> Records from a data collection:
'''
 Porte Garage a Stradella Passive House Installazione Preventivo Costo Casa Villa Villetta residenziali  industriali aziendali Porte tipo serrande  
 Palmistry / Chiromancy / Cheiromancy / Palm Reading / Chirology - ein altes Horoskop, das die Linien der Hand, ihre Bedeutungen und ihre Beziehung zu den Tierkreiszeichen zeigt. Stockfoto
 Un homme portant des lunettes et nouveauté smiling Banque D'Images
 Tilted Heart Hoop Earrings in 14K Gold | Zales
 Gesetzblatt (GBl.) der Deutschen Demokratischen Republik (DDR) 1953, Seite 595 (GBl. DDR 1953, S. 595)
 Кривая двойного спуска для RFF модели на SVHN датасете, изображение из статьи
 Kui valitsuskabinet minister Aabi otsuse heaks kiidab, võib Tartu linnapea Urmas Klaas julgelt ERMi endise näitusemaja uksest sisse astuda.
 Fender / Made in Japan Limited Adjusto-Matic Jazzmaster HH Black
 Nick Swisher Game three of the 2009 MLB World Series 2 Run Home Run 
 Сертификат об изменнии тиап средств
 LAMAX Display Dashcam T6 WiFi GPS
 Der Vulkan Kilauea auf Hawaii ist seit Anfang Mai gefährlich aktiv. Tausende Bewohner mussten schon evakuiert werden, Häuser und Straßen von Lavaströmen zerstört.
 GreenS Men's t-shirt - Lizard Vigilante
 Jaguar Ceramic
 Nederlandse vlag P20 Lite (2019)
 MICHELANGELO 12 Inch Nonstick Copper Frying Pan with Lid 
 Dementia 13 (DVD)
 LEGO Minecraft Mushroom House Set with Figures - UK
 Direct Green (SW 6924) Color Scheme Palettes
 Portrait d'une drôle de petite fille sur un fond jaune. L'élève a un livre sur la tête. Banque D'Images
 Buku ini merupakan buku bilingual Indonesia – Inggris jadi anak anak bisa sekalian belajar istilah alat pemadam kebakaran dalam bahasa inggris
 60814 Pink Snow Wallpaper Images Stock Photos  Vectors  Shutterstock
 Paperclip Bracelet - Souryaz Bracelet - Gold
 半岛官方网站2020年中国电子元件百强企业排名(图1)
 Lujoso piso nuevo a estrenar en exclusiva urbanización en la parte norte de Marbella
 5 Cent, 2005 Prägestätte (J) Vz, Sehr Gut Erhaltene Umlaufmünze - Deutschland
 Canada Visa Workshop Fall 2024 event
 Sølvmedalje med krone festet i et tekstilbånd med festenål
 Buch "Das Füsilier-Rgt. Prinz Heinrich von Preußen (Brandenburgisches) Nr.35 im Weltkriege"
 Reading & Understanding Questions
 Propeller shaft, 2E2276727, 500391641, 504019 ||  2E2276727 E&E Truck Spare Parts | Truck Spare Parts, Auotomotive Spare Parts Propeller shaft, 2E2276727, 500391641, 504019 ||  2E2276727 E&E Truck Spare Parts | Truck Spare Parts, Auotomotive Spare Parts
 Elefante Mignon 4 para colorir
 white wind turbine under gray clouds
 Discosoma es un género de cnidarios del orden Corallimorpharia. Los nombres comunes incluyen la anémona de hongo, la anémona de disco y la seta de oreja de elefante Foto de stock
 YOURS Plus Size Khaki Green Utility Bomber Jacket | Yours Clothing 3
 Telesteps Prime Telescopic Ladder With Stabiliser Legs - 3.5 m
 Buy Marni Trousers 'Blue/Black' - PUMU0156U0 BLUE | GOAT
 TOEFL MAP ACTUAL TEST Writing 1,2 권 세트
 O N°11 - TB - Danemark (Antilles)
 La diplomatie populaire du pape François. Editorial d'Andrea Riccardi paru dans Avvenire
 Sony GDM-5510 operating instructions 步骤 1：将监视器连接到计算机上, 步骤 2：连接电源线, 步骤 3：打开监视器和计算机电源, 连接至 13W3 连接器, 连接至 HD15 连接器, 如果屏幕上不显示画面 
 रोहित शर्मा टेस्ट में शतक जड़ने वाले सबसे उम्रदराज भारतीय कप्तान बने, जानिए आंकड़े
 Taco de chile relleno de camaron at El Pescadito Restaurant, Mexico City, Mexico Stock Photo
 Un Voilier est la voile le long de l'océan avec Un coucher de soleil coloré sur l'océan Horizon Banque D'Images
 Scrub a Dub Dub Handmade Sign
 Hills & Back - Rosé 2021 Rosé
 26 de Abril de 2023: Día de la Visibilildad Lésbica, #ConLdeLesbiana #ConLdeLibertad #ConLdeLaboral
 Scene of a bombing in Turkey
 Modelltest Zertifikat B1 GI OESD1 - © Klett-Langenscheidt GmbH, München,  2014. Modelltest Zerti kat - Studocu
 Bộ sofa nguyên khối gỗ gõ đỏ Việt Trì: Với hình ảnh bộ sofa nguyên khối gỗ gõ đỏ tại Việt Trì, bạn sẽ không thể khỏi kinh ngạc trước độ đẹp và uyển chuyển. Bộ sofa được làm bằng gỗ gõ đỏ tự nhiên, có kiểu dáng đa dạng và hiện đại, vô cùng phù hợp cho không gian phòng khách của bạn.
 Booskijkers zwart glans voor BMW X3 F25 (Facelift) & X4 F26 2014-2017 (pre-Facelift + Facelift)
'''
> YOUR TASK:
Look through the data above for the word "Gold". Report each line where it occurs.

> TASK OUTPUT:
 Tilted Heart Hoop Earrings in 14K Gold | Zales
 Paperclip Bracelet - Souryaz Bracelet - Gold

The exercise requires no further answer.